How to fix: Common inputs missing autocomplete
Inputs that collect a user's own personal data, name, email, phone, address, city, state, ZIP, country, should carry the matching autocomplete token (for example autocomplete="email" or autocomplete="tel") so browsers and assistive tech can identify and autofill the field.
What it is
The autocomplete attribute names the purpose of a form field using a fixed vocabulary of tokens defined in the HTML spec, such as name, given-name, family-name, email, tel, street-address, address-level2 (city), address-level1 (state/region), postal-code, and country-name. WCAG Success Criterion 1.3.5 Identify Input Purpose requires that when a field collects information about the user, its purpose be programmatically determinable, and these tokens are how you declare it.
Two things use that declared purpose. Browsers and password managers use it to autofill the field accurately, so the user does not retype their email or address on every site. And assistive technology, including tools that swap in familiar icons or simplified language for a field, uses it to present the input in a way the user already understands. A field whose purpose is only implied by a visible label or a placeholder is not programmatically identified.
Adding the attribute does not change how the field looks or behaves for people who type manually; it simply attaches a machine-readable purpose. Note this is separate from labeling: a field can have a perfectly good <label> and still fail SC 1.3.5 because the label tells humans what to type while autocomplete tells software what the field is for.
Who it affects & why it matters
People with motor disabilities and anyone who finds typing slow, painful, or error-prone benefit most, because correct autocomplete lets the browser or password manager fill the field instead of forcing manual entry on every form. It also helps people with cognitive disabilities and memory limitations who struggle to recall details like a full postal address.
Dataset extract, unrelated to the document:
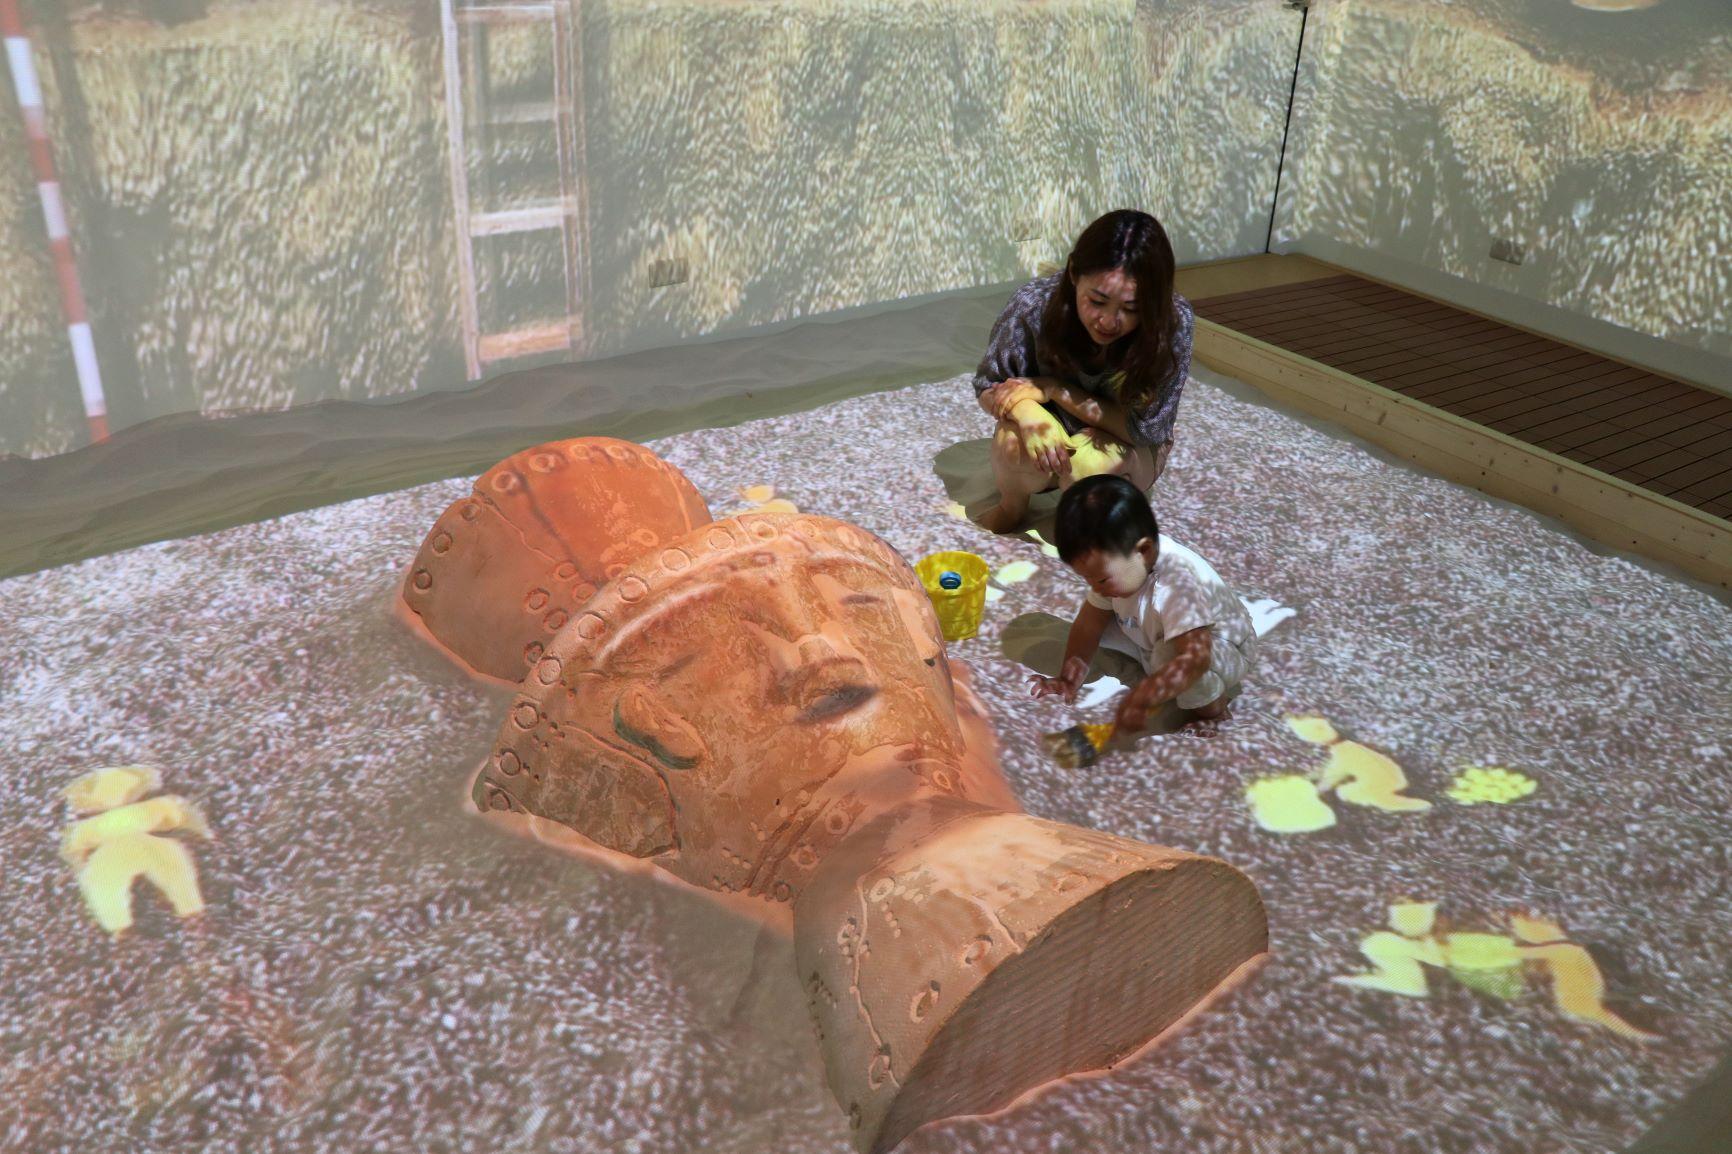 十三行博物館魔幻考古沙坑奪休士頓影展金獎 6/2起免費暢玩

Users of assistive tools that re-present fields with familiar symbols or plain language rely on the declared purpose to do that substitution, and even users without disabilities get faster, lower-friction checkouts and sign-ups, which reduces form abandonment for everyone.
Missing autocomplete on personal-data fields is a Level AA failure under SC 1.3.5, and Level AA is the conformance tier courts and the U.S. Department of Justice point to when applying the ADA to websites. Because the criterion is automatically testable, it is the kind of issue an auditor or a plaintiff's tool can document at scale across your forms.
It is also low-risk, high-leverage to fix: you are adding one attribute per field on the forms where conversions happen, so closing the gap improves real-world completion rates while clearing a documented Level AA item from any audit or demand letter. With accessibility lawsuits climbing year over year and most targeting businesses under $25 million in revenue, removing automatically-detectable failures is an easy win.
How to fix it
- List the text-like inputs on each form (you can ignore hidden, submit, button, checkbox, and radio inputs).
- Identify which fields collect the user's own data: name, first or last name, email, phone, address, city, state, ZIP, country.
- Add the matching token from the HTML autocomplete vocabulary, for example email to email, phone to tel, ZIP to postal-code, city to address-level2, and state to address-level1.
- Use the standard token spelling exactly; a guessed or misspelled value will not be recognized by browsers or assistive tech.
- Keep the field's real <label> as well, because labeling and identifying input purpose are separate requirements.
- Re-scan and test that your browser now offers to autofill the fields you tagged.
<label for="email">Email</label>
<input type="email" id="email" name="email">
<label for="zip">ZIP code</label>
<input type="text" id="zip" name="zip"><label for="email">Email</label>
<input type="email" id="email" name="email" autocomplete="email">
<label for="zip">ZIP code</label>
<input type="text" id="zip" name="zip" autocomplete="postal-code">How AccessKnight detects this
AccessKnight selects text-like inputs, excluding hidden, submit, button, checkbox, and radio types, and skips any input that already has an autocomplete attribute. For the rest, it combines the field's name, id, and placeholder into one lowercase string (stripping underscores, hyphens, and brackets) and checks it against a dictionary of known personal-data hints, name, first/last name, email, phone/telephone, address, city, state, zip/zipcode, and country. When a hint matches, it flags the field and recommends the matching token, for example email maps to email, phone maps to tel, zip maps to postal-code, city maps to address-level2, and state maps to address-level1.